ANP and AVP may also contribute to the mechanism through which SGLT2 inhibitors do not decrease serum sodium concentrations despite urinary sodium excretion. ANP is a natriuretic peptide secreted from the atrium when the atrial wall is stretched due to increased central venous pressure, such as in heart failure. Administration of empagliflozin, an SGLT2 inhibitor, to a nonhyperglycemic zebrafish heart failure model was shown to decrease the blood ANP levels by lowering central venous pressure [16].
Clinically, the administration of SGLT2 inhibitors to patients with type 2 diabetes was reported to decrease the blood ANP levels [17]. ANP is also a hormone that causes natriuresis, and a decrease in ANP concentration would suppress natriuresis. Therefore, it could be one of the factors preventing excessive sodium excretion and hyponatremia in patients treated with SGLT2 inhibitors.
In addition, the increases in serum sodium concentrations and osmolality caused by SGLT2 inhibitors are thought to stimulate AVP secretion from the posterior pituitary gland and promote water reabsorption in the renal collecting duct [15]. This report showed that AVP secretion under treatment with an SGLT2 inhibitor was positively correlated with the urinary amounts of glucose and sodium. Thus, SGLT2 inhibitors have a regulatory effect that prevents dehydration and hypernatremia due to excessive urine output [15].

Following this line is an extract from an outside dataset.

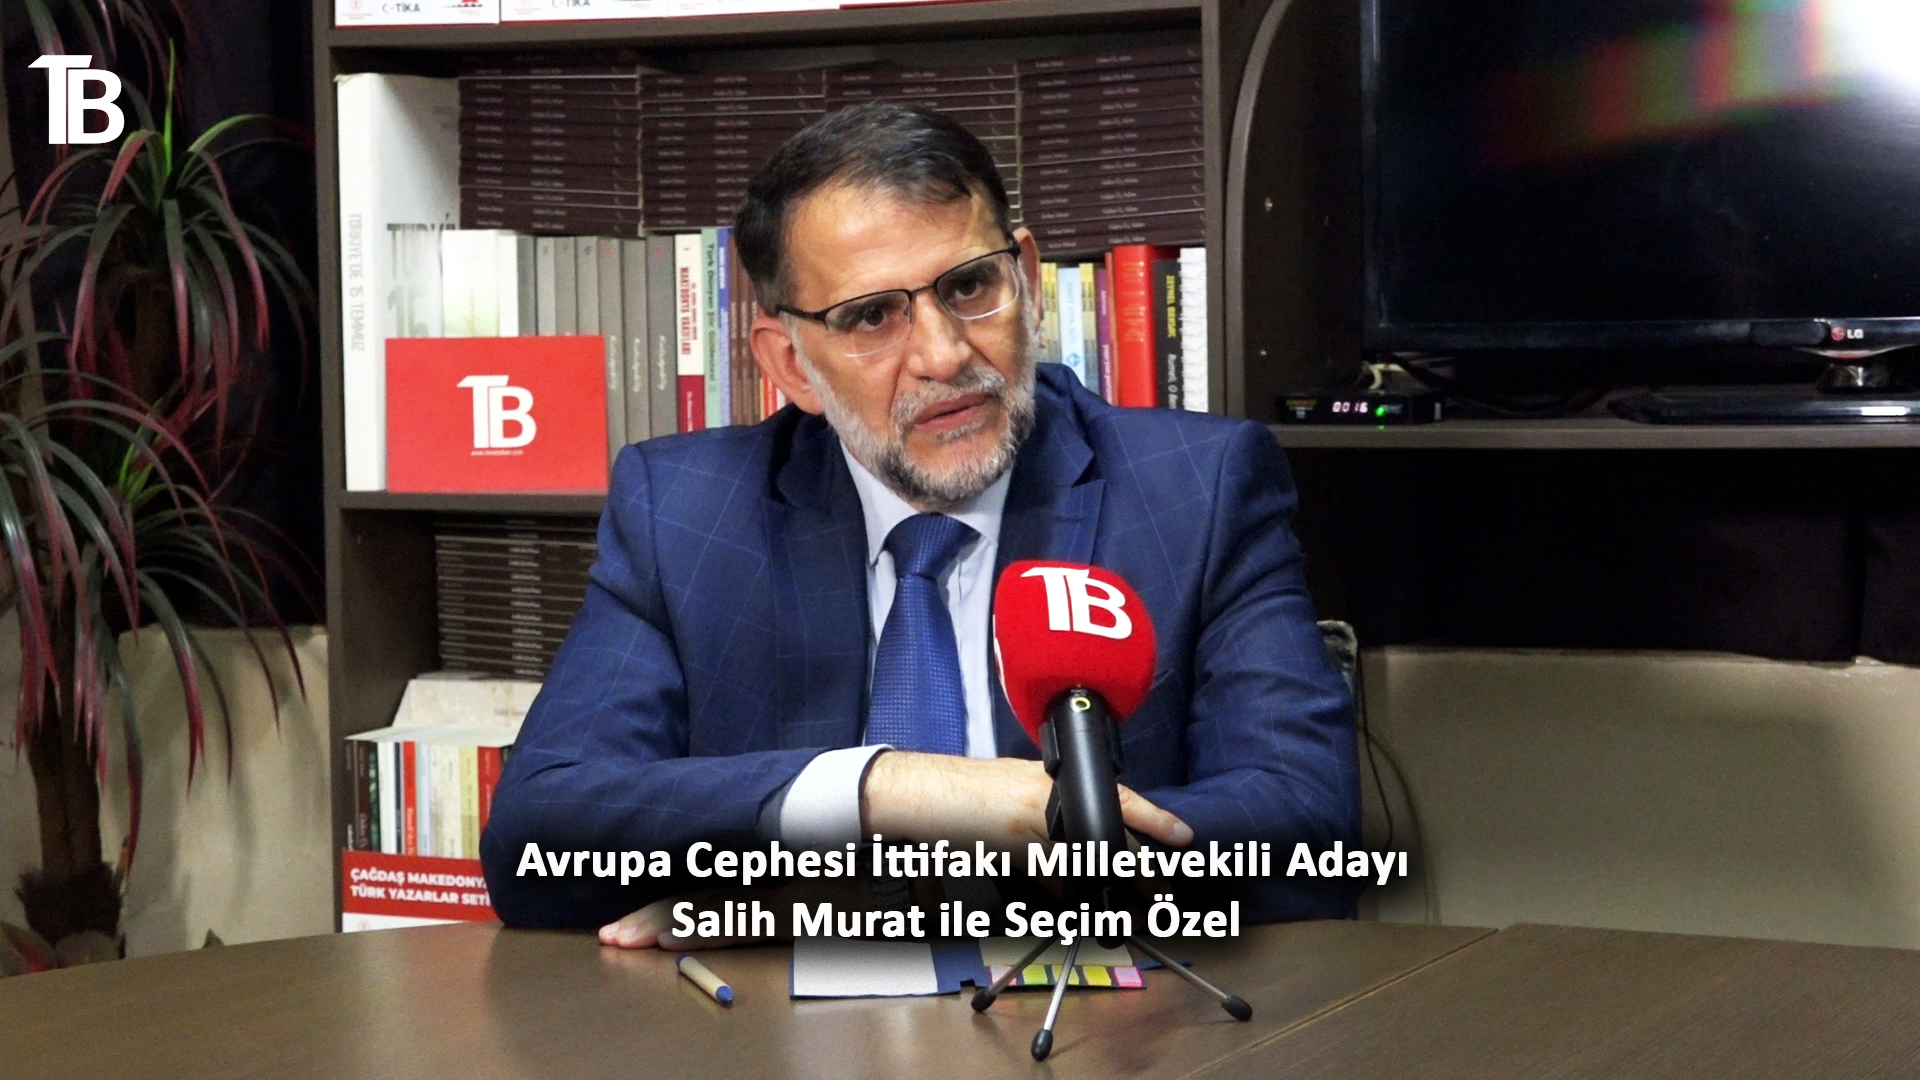 Milletvekili adayı Salih Murat: 8 Mayıs’tan sonra Makedonya’da Türklerin iradesi bambaşka bir yol alacak

Using a bioimpedance analysis device, Ohara et al. evaluated the effects of SGLT2 inhibitors on extracellular water (ECW) and total body water (TBW) in patients with diabetic kidney disease. Unlike loop diuretics and vasopressin V2 receptor antagonists, the rate of ECW reduction after SGLT2 inhibitor treatment was influenced by the pre-treatment ECW/TBW ratio. Thus, SGLT2 inhibitors reduce ECW in patients with a higher ECW/TBW ratio and do not decrease ECW in patients with a smaller ECW/TBW ratio, which indicates that SGLT2 inhibitors are less likely to cause dehydration than other diuretics [29]. It has also been suggested that, compared to other diuretics, SGLT2 inhibitors may cause more water to be excreted from the interstitial fluid than from the intravascular portion of the extracellular fluid [35]. SGLT2 inhibitors reduced ascites more effectively than other diuretics, which may be due to their ability to cause the excretion of more interstitial fluid, as described above.

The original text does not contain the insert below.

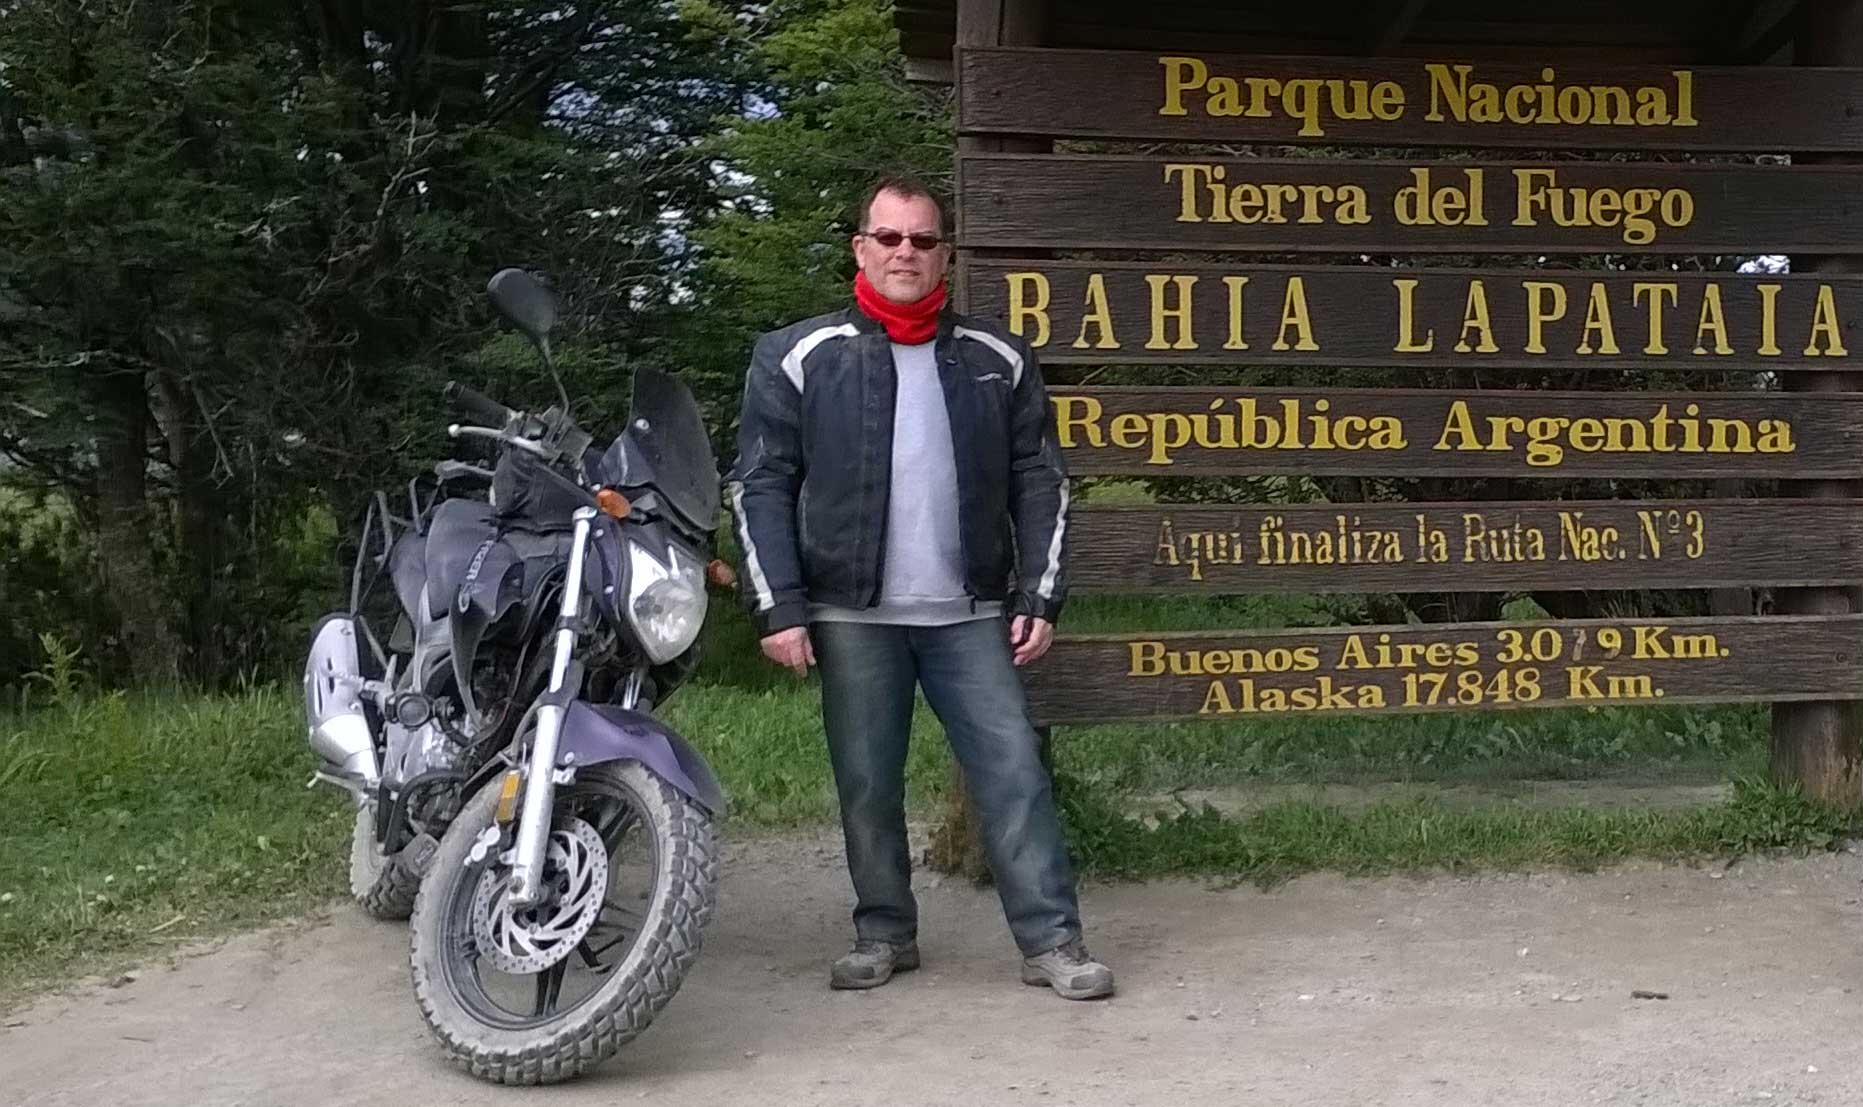 Crónicas de motoviajero - Final de la ruta nacional 3 en Bahía Lapataia - Ushuaia - Yamaha Fazer YS 250

In conclusion, administering SGLT2 inhibitors to cirrhotic patients with hyponatremia causes both natriuresis and sodium-independent water excretion as a result of osmotic diuresis. Therefore, the serum sodium concentrations do not decrease but instead show an increasing trend. In addition, regulation by ANP and AVP also helps maintain homeostasis of serum sodium levels. However, the reports of SGLT2 inhibitor administration in patients with liver cirrhosis are limited. Detailed studies of the effects of SGLT2 inhibitors on sodium regulation in these patients are awaited.

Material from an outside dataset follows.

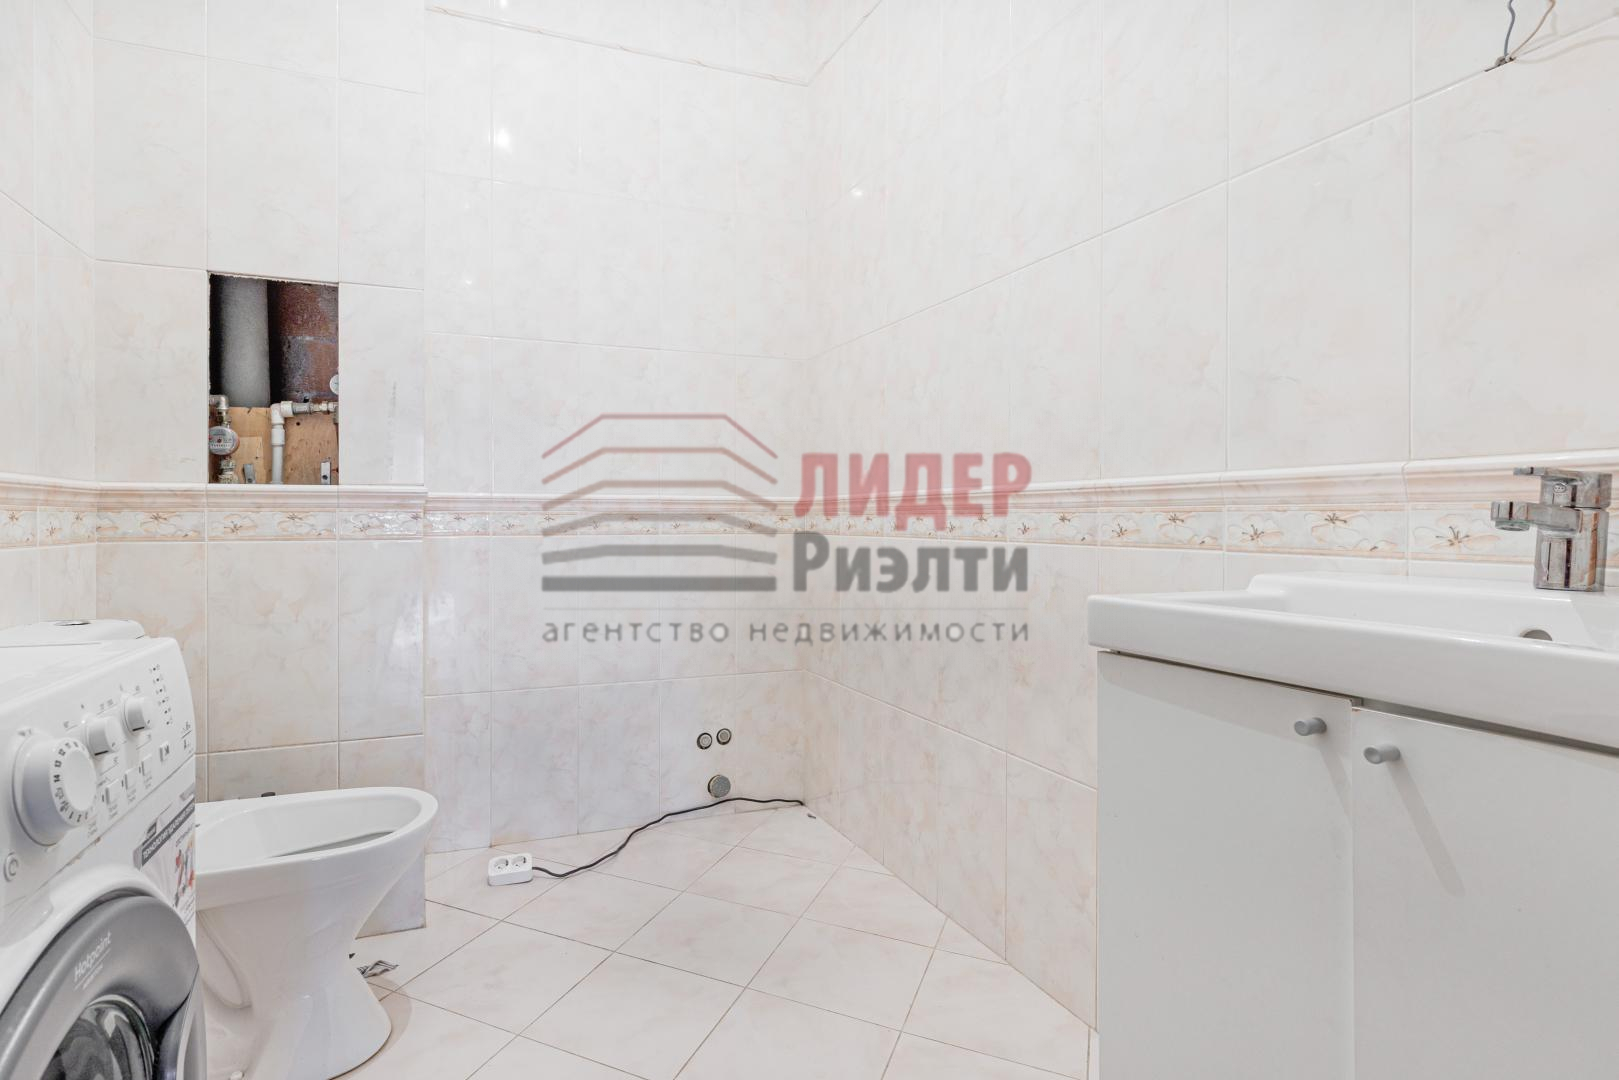 Продам квартиру в Москве по адресу Мичуринский проспект, 6к1, площадь 176 квм Недвижимость Москва (Россия)  Можно сделать свой дизайн, минимум работ

4. Comparison of SGLT2 Inhibitors and Vaptans

Furosemide and spironolactone are the most commonly used diuretics in treating ascites due to cirrhosis. Vaptan is another medicine that can treat ascites refractory to these usual diuretics [36]. Vaptan is an antagonist of the vasopressin V2 receptor in the renal collecting ducts [37] and has a diuretic effect without causing electrolyte excretion (Figure 2). Therefore, although it is effective for ascites with hyponatremia, its use remains controversial because of the risk of hypernatremia. Vaptan is only approved by the European Medicines Agency (EMA) for inappropriate antidiuretic hormone secretion (SIADH) syndrome. On the other hand, although the US Food and Drug Administration (US FDA) has approved its use for liver cirrhosis, it is currently not recommended for use in patients with severe liver damage.
In Japan, tolvaptan is widely used for ascites in patients with liver cirrhosis who are not sufficiently controlled with other diuretics, such as loop diuretics. However, the administration should be initiated under hospitalization because of the potential for rapid dehydration and hypernatremia during induction. Thus, the efficacy of tolvaptan for ascites derived from cirrhosis has been demonstrated in Japan [36,38]. However, no large-scale prospective randomized controlled trials have been carried out, and a meta-analysis of the efficacy of three types of vaptans (tolvaptan, satavaptan, and lixivaptan) did not show an improvement in life expectancy [39].
The treatment with SGLT2 inhibitors is also associated with adverse events, such as urinary tract infections [40]. However, the advantage of SGLT2 inhibitors over vaptan is that they are less likely to cause hypernatremia and have established long-term cardiovascular and renal protective effects [5,6,10]. In considering the effects of SGLT2 inhibitors and vaptan on serum sodium levels, the outcomes of the administration of each drug to SIADH patients (mostly nondiabetic) are helpful. Morris et al. reported that the occurrence of hypernatremia with tolvaptan administration was 25% [41], while only two (2/43: 4.7%) SIADH patients developed hypernatremia when empagliflozin was administered [24]. The risk of hypernatremia with SGLT2 inhibitors is lower than that with tolvaptan. Patients with refractory ascites with cirrhosis are generally older, with multiple comorbidities and medications. Therefore, the long-term cardiovascular and renal protective effects of SGLT2 inhibitors are advantageous compared to vaptan. In addition, SGLT2 inhibitors are safe and well-tolerated in patients with hepatic impairment [42].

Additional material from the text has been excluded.